The sanctum was quiet, the air thick with the scent of old stone and the faint, metallic tang of iron. Aurelia sat at the edge of the table, her notes spread before her, but her attention was fixed on Kael. He stood by the far wall, his posture relaxed but his gaze distant, as if he were looking through the stone itself to some memory buried deep within the mountain.
She had seen him in many guises: the king, the weapon, the man braced against his own darkness. But tonight, there was something different in the way he held himself, a looseness in his shoulders, a quietness in his eyes that spoke of exhaustion, yes, but also of something softer, something almost vulnerable.
“Tell me,” she said quietly, “what it was like. Before all this.”
Kael glanced at her, surprise flickering across his face. He hesitated, then crossed the room, settling onto the bench opposite her. For a moment, he was silent, his hands folded in his lap, his gaze fixed on the floor.
“I was trained,” he said at last, his voice low. “Not just in strength or battle, but in history, in governance, in the art of negotiation. My tutors were relentless. They taught me the laws of the packs, the treaties with the human world, the intricacies of diplomacy. I learned how to read a room, how to weigh a word, how to hold silence until it became a weapon.”
Aurelia listened, her heart aching with a strange, unexpected tenderness. She had imagined his childhood as a crucible of violence, a forge for the monster the Council wanted him to become. But this, this was something else. This was the making of a king, not a beast.
“They wanted me to be more than a ruler,” Kael continued. “They wanted me to be a symbol. A bridge between worlds. A guarantee of peace. But always, beneath it all, there was the threat, the reminder that if I failed, if I faltered, the curse would be waiting.”
He looked up then, meeting her gaze. “I was never meant to be cruel. I was meant to be controlled.”
Aurelia felt the weight of his words settle over her, heavy and sharp. She saw, for the first time, the man behind the myth, the boy who had been shaped by lessons in restraint and responsibility, not savagery. The king who had been forced to perform monstrosity, even as he longed for something gentler.
“You’re not what they say you are,” she said softly. “You never were.”
Kael’s lips curved in a faint, rueful smile. “No. But it’s easier for them to believe in a monster than to admit they built a prison.”
She reached across the table, her hand hovering just above his. “You don’t have to carry that alone anymore.”

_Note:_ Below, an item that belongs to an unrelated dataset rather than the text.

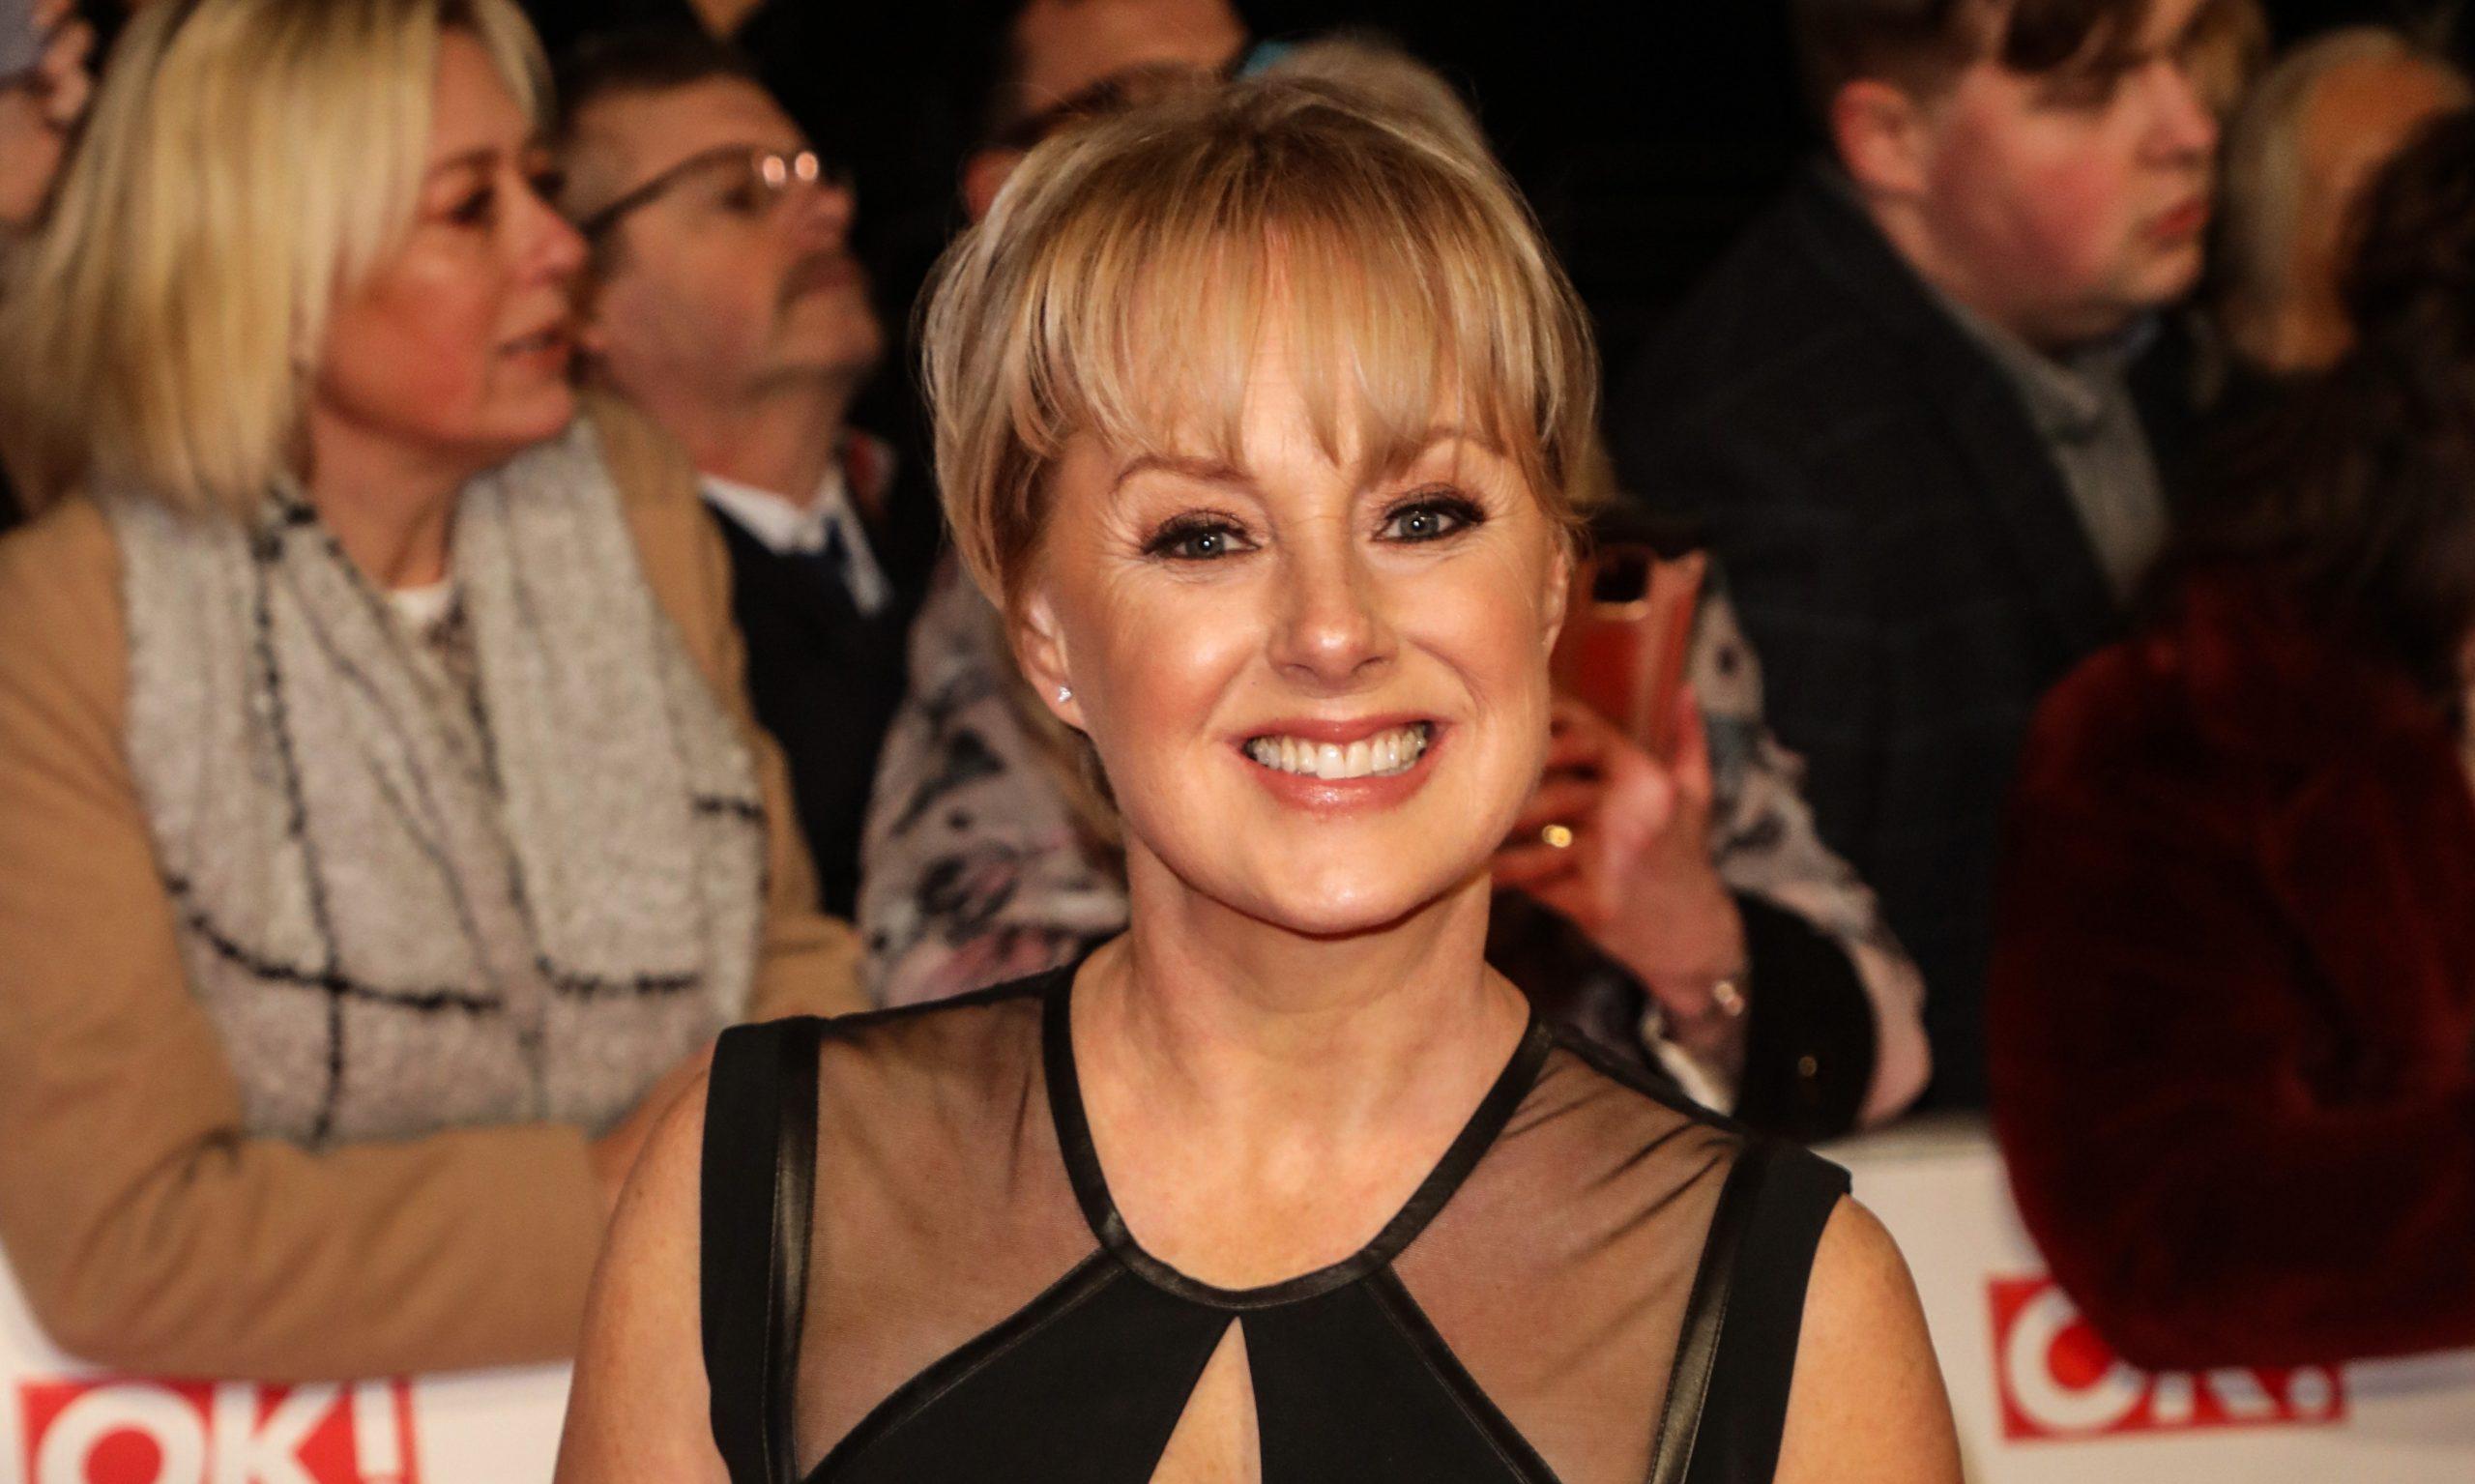 Coronation Street's Sally Dynevor confirms no cast or crew have coronavirus

He hesitated, then let his fingers brush against hers, a touch so light it was almost imagined. But in that moment, something shifted between them. The distance that had always existed, the careful boundaries of king and sacrifice, weapon and witness, began to dissolve.
Aurelia saw him, truly saw him, and her respect turned quietly personal. She admired the way he had survived, the way he had held onto his honour even as the world tried to strip it from him. She admired the way he had learned to lead, not with fear, but with understanding.
Kael, for his part, felt his guard lower by a fraction. He let himself believe, if only for a moment, that he could be more than what the Council had made him. That he could be seen, and perhaps even loved, for the man he was beneath the scars.
They sat in silence, the sanctum holding its breath around them. The runes on the bedframe glowed softly, as if in approval, and the chains lay quiet, their memory of violence fading into the background.
In that hush, Aurelia and Kael found something new, a tenderness that was all the sharper for being earned, a connection forged not in pain, but in the slow, deliberate act of understanding.
And for the first time, the king and the curse-binder allowed themselves to hope that, together, they could rewrite the story the world had written for them.